Supplied material Block Start
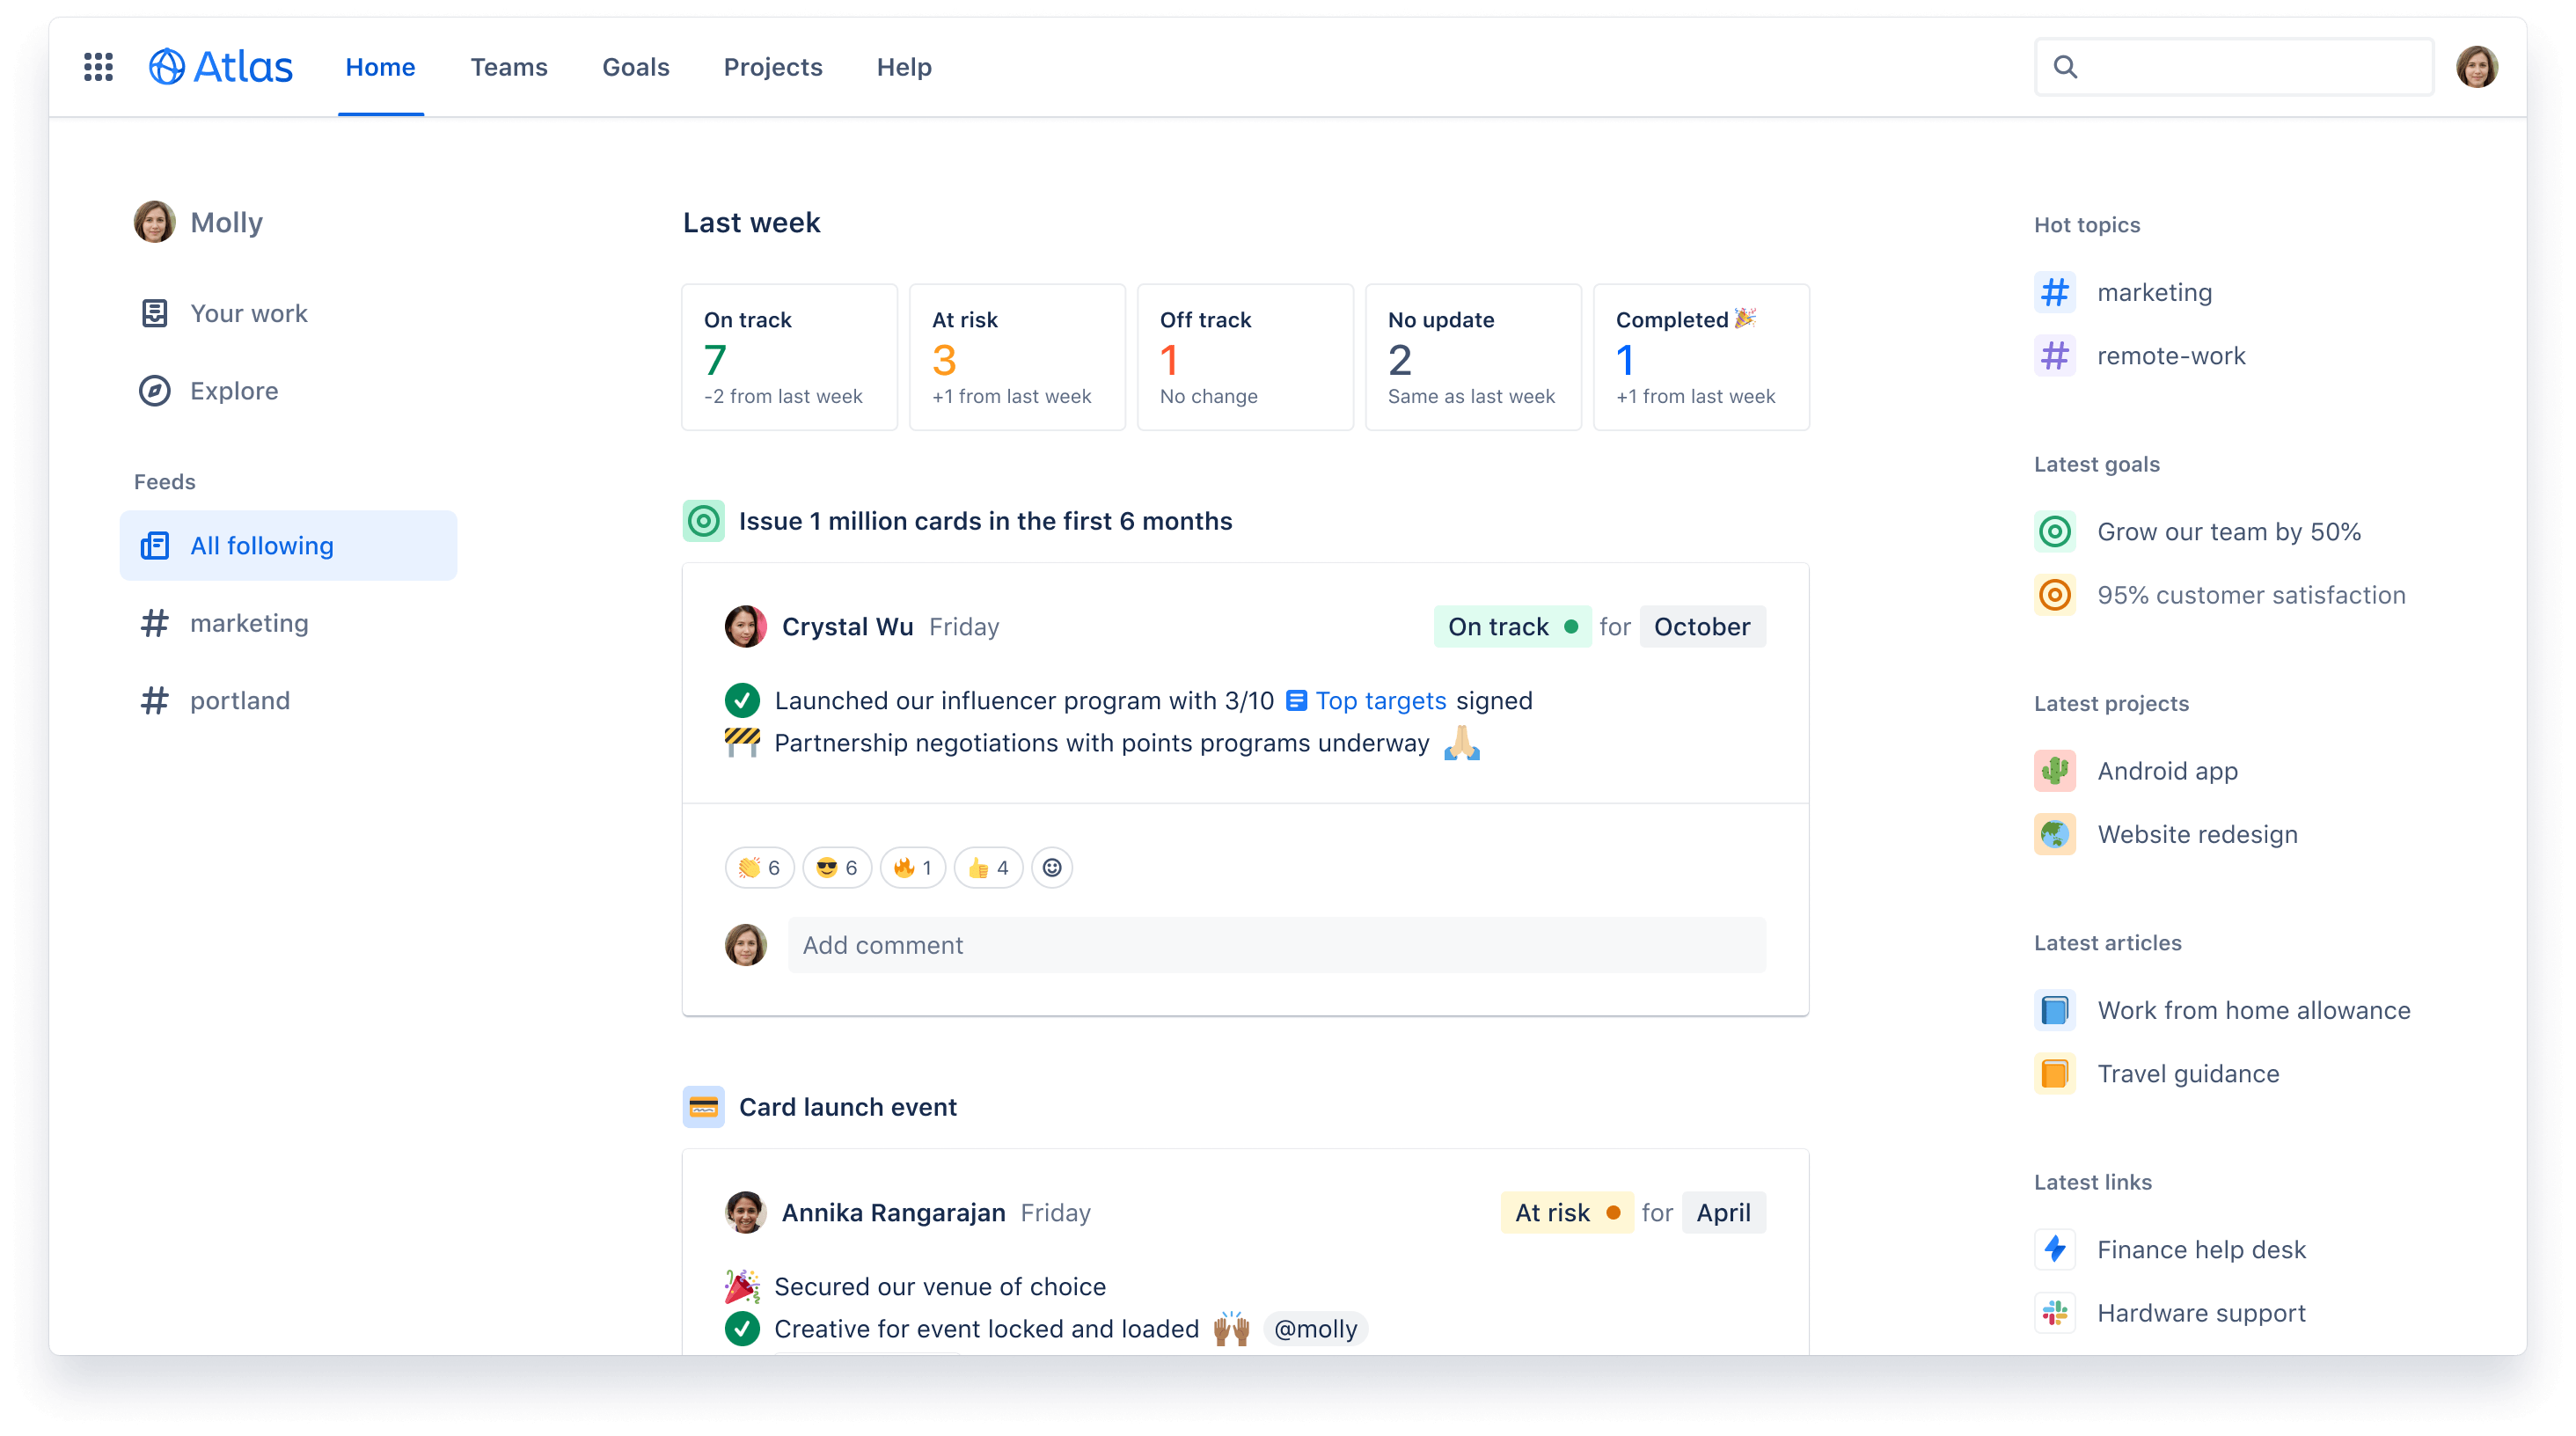 Atlassian news: Atlas helps to track OKRs and different project goals for all teams within a company
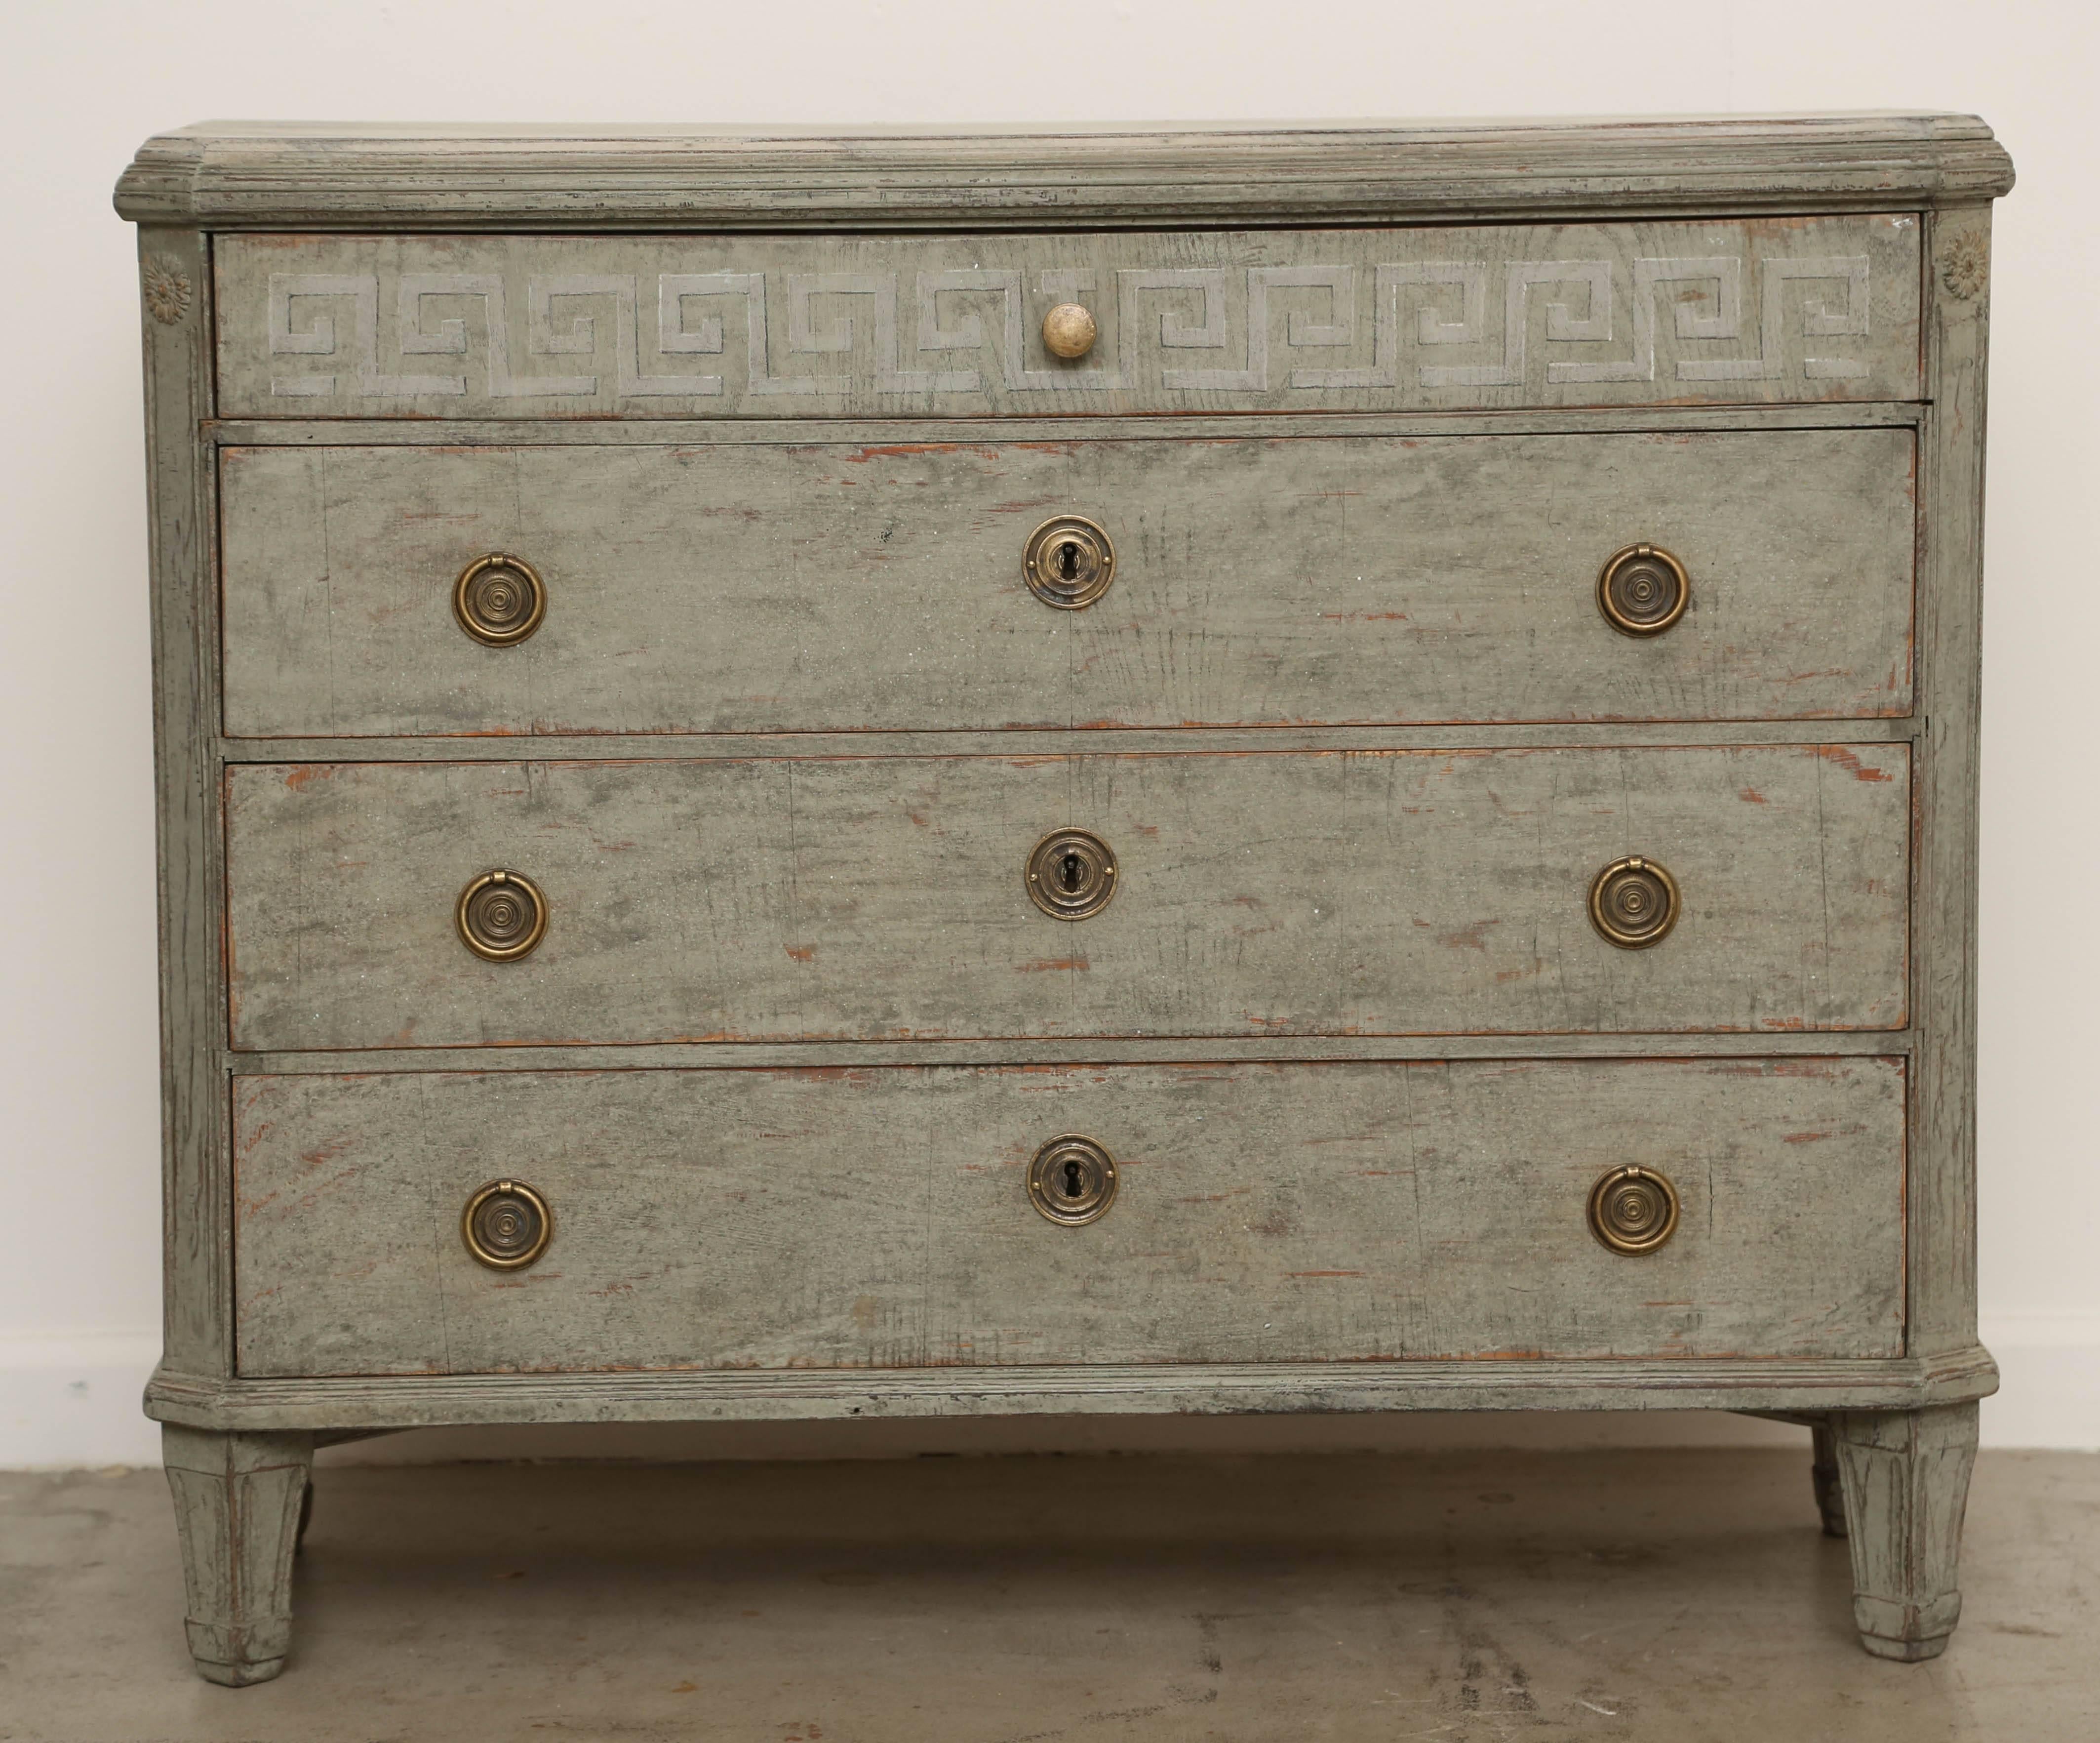 Antique Swedish Gustavian painted chest with faux finishes, early 19th century
Top is painted in faux gray-green marble finish and carved border,
four drawers, the top drawer has elegant Greek Key faux painted design and brass pull ,three lower
Supplied material Block End
(Task description): Repeat, exactly and in full, all the material above except its pictures.

(Solution):
 Atlassian news: Atlas helps to track OKRs and different project goals for all teams within a company
 Antique Swedish Gustavian painted chest with faux finishes, early 19th century
Top is painted in faux gray-green marble finish and carved border,
four drawers, the top drawer has elegant Greek Key faux painted design and brass pull ,three lower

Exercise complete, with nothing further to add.